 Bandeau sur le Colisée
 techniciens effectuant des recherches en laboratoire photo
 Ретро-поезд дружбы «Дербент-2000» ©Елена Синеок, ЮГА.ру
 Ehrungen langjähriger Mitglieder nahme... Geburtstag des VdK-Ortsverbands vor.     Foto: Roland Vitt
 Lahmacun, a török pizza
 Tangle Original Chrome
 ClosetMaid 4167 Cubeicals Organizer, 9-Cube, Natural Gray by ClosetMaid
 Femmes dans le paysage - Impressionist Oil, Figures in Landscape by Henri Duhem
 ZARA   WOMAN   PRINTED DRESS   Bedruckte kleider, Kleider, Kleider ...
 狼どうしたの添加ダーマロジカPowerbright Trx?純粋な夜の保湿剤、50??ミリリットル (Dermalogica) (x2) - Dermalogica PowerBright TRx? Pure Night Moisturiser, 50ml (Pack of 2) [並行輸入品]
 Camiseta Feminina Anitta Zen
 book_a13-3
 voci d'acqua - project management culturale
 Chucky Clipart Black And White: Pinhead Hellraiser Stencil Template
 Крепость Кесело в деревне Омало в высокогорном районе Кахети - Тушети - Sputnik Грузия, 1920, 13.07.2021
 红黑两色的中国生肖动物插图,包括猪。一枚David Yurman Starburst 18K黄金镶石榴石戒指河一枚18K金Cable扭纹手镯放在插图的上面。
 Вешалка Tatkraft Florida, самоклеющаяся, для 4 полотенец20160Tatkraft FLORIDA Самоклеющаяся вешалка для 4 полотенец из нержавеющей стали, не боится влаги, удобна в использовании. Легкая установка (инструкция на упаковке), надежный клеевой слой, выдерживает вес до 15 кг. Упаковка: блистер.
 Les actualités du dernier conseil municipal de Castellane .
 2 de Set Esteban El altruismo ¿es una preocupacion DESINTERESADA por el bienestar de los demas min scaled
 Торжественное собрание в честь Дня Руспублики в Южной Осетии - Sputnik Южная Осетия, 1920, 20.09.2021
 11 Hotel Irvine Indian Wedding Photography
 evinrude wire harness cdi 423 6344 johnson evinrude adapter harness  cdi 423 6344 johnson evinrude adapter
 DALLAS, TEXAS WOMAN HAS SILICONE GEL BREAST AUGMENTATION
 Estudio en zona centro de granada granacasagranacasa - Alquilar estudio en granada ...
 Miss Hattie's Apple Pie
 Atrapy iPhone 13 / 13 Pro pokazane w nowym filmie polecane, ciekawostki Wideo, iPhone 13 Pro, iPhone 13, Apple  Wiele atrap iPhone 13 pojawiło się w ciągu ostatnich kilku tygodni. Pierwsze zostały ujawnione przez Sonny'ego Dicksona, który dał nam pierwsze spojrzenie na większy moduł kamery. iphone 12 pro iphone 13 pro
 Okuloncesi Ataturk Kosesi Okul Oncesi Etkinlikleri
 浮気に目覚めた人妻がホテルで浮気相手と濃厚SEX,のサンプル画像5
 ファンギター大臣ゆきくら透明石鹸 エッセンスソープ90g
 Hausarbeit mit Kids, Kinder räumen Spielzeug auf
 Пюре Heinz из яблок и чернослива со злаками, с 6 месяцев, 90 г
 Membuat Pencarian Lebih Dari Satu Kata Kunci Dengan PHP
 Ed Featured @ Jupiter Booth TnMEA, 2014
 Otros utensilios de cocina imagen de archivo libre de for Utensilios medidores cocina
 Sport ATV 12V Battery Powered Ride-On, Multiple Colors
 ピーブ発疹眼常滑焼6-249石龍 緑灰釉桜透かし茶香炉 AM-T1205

══════

What this task involves: Every line from the one that contains "Hausarbeit mit Kids, Kinder" down to and including the last line of the records above must be set down exactly, with nothing else.

Exercise response:
 Hausarbeit mit Kids, Kinder räumen Spielzeug auf
 Пюре Heinz из яблок и чернослива со злаками, с 6 месяцев, 90 г
 Membuat Pencarian Lebih Dari Satu Kata Kunci Dengan PHP
 Ed Featured @ Jupiter Booth TnMEA, 2014
 Otros utensilios de cocina imagen de archivo libre de for Utensilios medidores cocina
 Sport ATV 12V Battery Powered Ride-On, Multiple Colors
 ピーブ発疹眼常滑焼6-249石龍 緑灰釉桜透かし茶香炉 AM-T1205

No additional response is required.